Hi I want to deploy the BERT-base model on an Android phone. One of its params has shape (30522, 768) with dtype float32, the RPC connection will be reset each time I allocate this array.
for pk, pv in params.items():
print(pv.shape, pv.dtype)
weights[pk] = tvm.nd.array((np.random.uniform(size=pv.shape)).astype(pv.dtype), ctx=ctx)
The error message:
Traceback (most recent call last):
File "tune_network_x86.py", line 483, in <module>
tune_network()
File "tune_network_x86.py", line 423, in tune_network
weights[pk] = tvm.nd.array((np.random.uniform(size=pv.shape)).astype(pv.dtype), ctx=ctx)
File "/home/zyx/workspaces/python/tvm0.8_v2/python/tvm/runtime/ndarray.py", line 516, in array
return empty(arr.shape, arr.dtype, ctx).copyfrom(arr)

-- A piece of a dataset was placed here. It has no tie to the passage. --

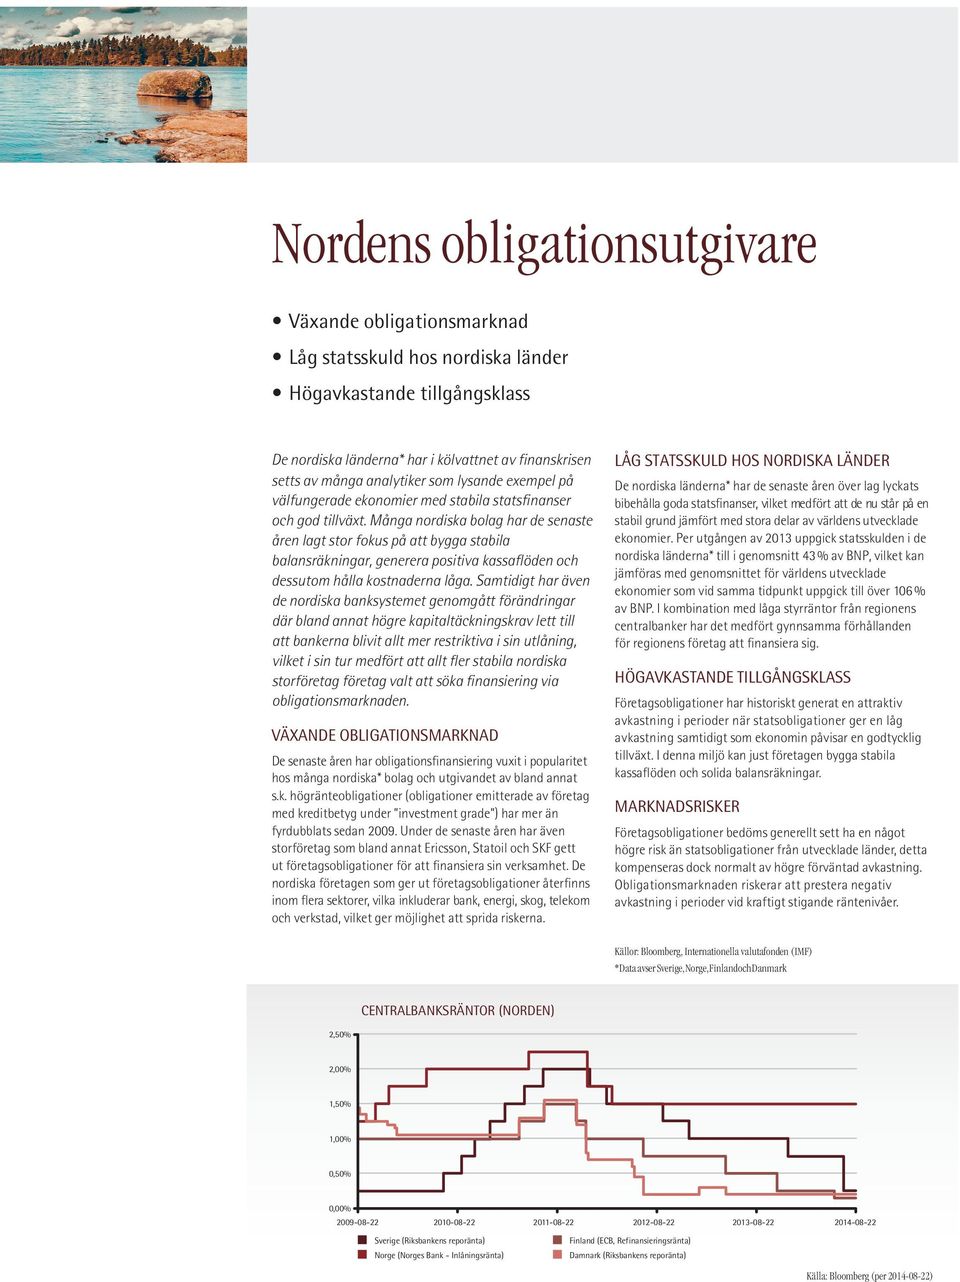 Många nordiska bolag har de senaste åren lagt stor fokus på att bygga stabila balansräkningar, generera positiva kassaflöden och dessutom hålla kostnaderna låga.

File "/home/zyx/workspaces/python/tvm0.8_v2/python/tvm/runtime/ndarray.py", line 154, in copyfrom
check_call(_LIB.TVMArrayCopyFromBytes(self.handle, data, nbytes))
File "/home/zyx/workspaces/python/tvm0.8_v2/python/tvm/_ffi/base.py", line 344, in check_call
raise get_last_ffi_error()
tvm._ffi.base.TVMError: Traceback (most recent call last):
[bt] (6) /home/zyx/workspaces/python/tvm0.8_v2/build/libtvm.so(TVMArrayCopyFromBytes+0xe) [0x7f097dcf53ae]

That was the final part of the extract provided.